Question

How do you find the amplitude, period and shift for $ y = - 5\sin \left( {\dfrac{x}{2}} \right) $ ?

Answer 1

Hint: In order to determine the period and amplitude of the above trigonometric. Compare the sine function with the standard sine function i.e. $ y = A\sin \left( {Bx + C} \right) + D $ to find the value of $ A,B,C,D $ . Amplitude is equal to the modulus of A , period of the function is equal to ratio of $ 2\pi $ and modulus of $ B $ and Shift will be the ratio of $ C $ and $ B $ .

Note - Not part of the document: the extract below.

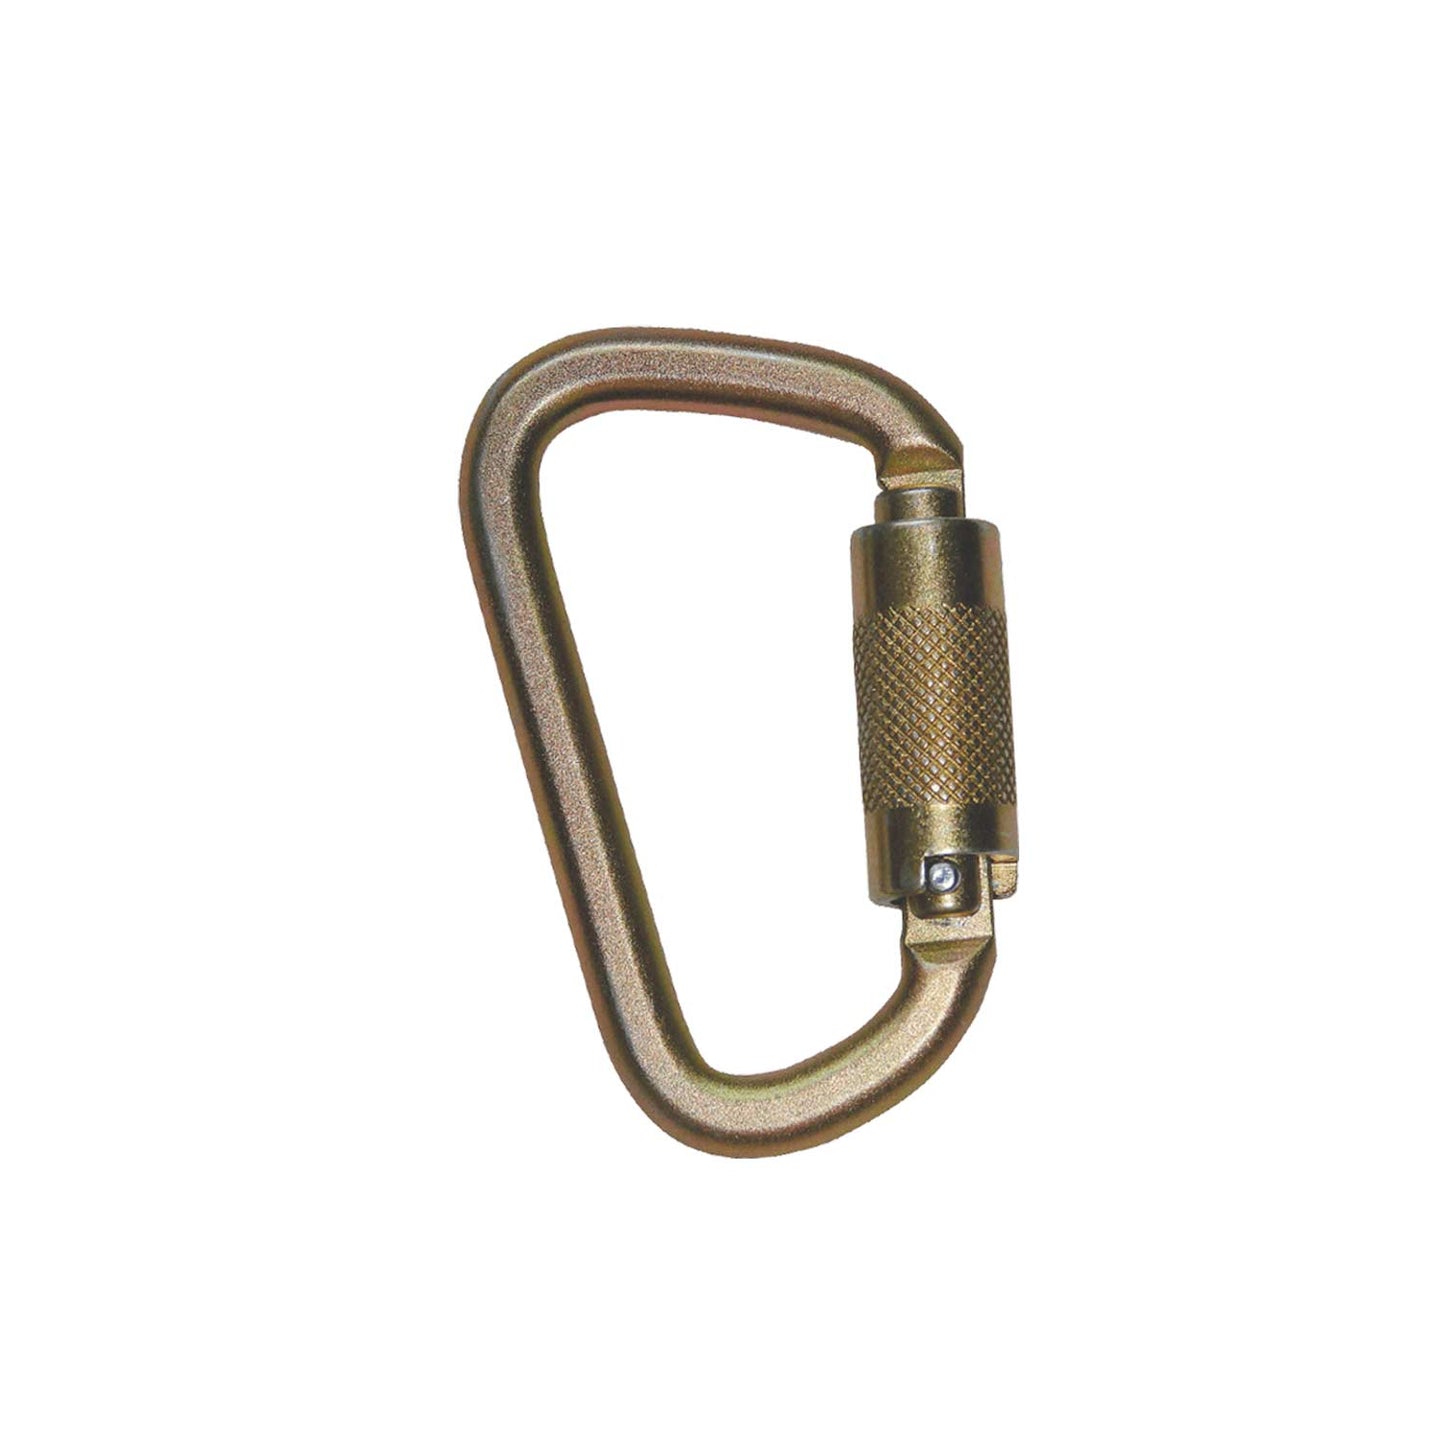 Falltech Small Alloy Steel Self-Closing Carabiner | 7/8" Open Gate Capacity | 8445

Complete step by step solution:
We are given a trigonometric function $ y = - 5\sin \left( {\dfrac{x}{2}} \right) $
Comparing this equation with the standard sine function $ y = A\sin \left( {Bx + C} \right) + D $ we get
 $ A = - 5,B = \dfrac{1}{2},C = D = 0 $
Amplitude is equal to the modulus of A i.e.
Amplitude $ = \left| A \right| = \left| { - 5} \right| = 5 $
And period of the function is equal to ratio of $ 2\pi $ and modulus of $ B $
Period = $ \dfrac{{2\pi }}{{\left| B \right|}} = \dfrac{{2\pi }}{{\dfrac{1}{2}}} = 4\pi $
Shift of sine function is the ratio of $ C $ and $ B $ ,
Shift $ = \dfrac{C}{B} = \dfrac{0}{{\dfrac{1}{2}}} = 0 $
Therefore the amplitude $ A $ ,Period and Shift of the sine function $ y = - 5\sin \left( {\dfrac{x}{2}} \right) $ is equal to $ 5,4\pi $ and $ 0 $ respectively.
So, the correct answer is “ $ 5,4\pi $ and $ 0 $ ”.

Note: 1. Trigonometry is one of the significant branches throughout the entire existence of mathematics and this idea is given by a Greek mathematician Hipparchus.
2.One must be careful while taking values from the trigonometric table and cross-check at least once to avoid any error in the answer.
3.Range of sine is in the interval $ \left[ { - 1,1} \right] $
4. Domain of sine is in the interval of \[\left[ { - \dfrac{\pi }{2},\dfrac{\pi }{2}} \right]\]
5. Standard Cosine Function is $ y = A\cos \left( {Bx - C} \right) + D $